Possible vote on taxes this week
The week opens with a mixed dollar as the Senate and House’s tax bills are finally combined and will likely be voted on as early as tomorrow. While the tally of the Senate vote appears a little unclear at the moment, the impact on the US economy and equities is in little doubt, especially with the confirmation that the cuts in taxes for US businesses will be imposed in 2018 as opposed to 2019.
While all this is positive for the dollar and global risk, other noises from the White House are more provocative. According to the Financial Times, President Trump will accuse China of engaging in “economic aggression” when he unveils his national security strategy on Monday.
As we outlined in our webinar last week on ‘What to Expect in 2018’, the greatest risk to world markets as we see it is an increase in anti-agnostic trade rhetoric or conditions between the US and China. Watch the recording here.

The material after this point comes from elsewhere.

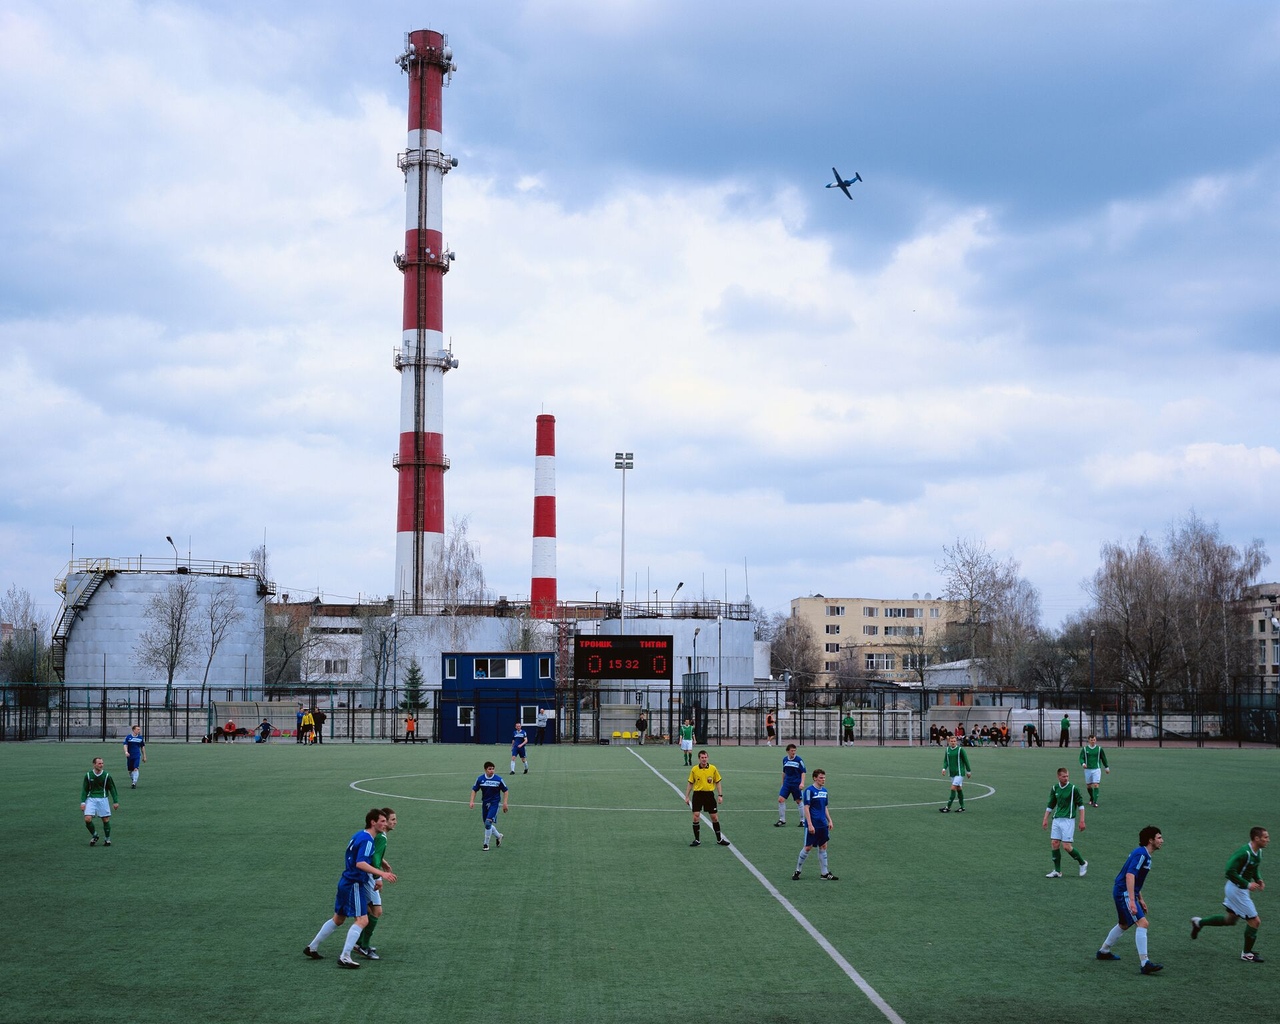 Сергей Новиков преподносит российский пейзаж как грандиозную декорацию для любительских футбольных матчей

All the goodwill provided by the largest change in the US tax code since 1986 could easily be outdone by a seizure in global trade.
Christmas joy on Brexit and sterling
It could be the fact that this time next week will be Christmas Day, but sterling has opened the week positively. It is more likely to be a continuation of the feeling that some of the darkest clouds around Brexit may be starting to dissipate, channeling fears of delays and cliff-edges. Prime Minister May will address the Commons today to officially update Parliament on the progress of Brexit talks to Stage 2.
The key now for sterling is what happens around a transitional deal. Any agreement that allows the UK to remain a member of the single market and the customs union will be seen as a net positive for the pound and could drive GBPUSD as high as $1.40.
May will have a difficult job convincing the more extreme members of her party that a transitional deal is in keeping with a Hard Brexit. For now however, any deal that eliminates a cliff-edge on March 29, 2019, will see investors look on the pound more favorably.
The day ahead
Needless to say, this is going to be a quiet week with typical seasonal demand likely to drive investors into the USD through and over the multiple bank holidays that make up the Christmas period. That dollar demand will equalize in the first week of January, but we shouldn’t be surprised – alongside the possible vote on taxes – if the USD is a little stronger as we break for the holidays.
The data calendar is really quiet today.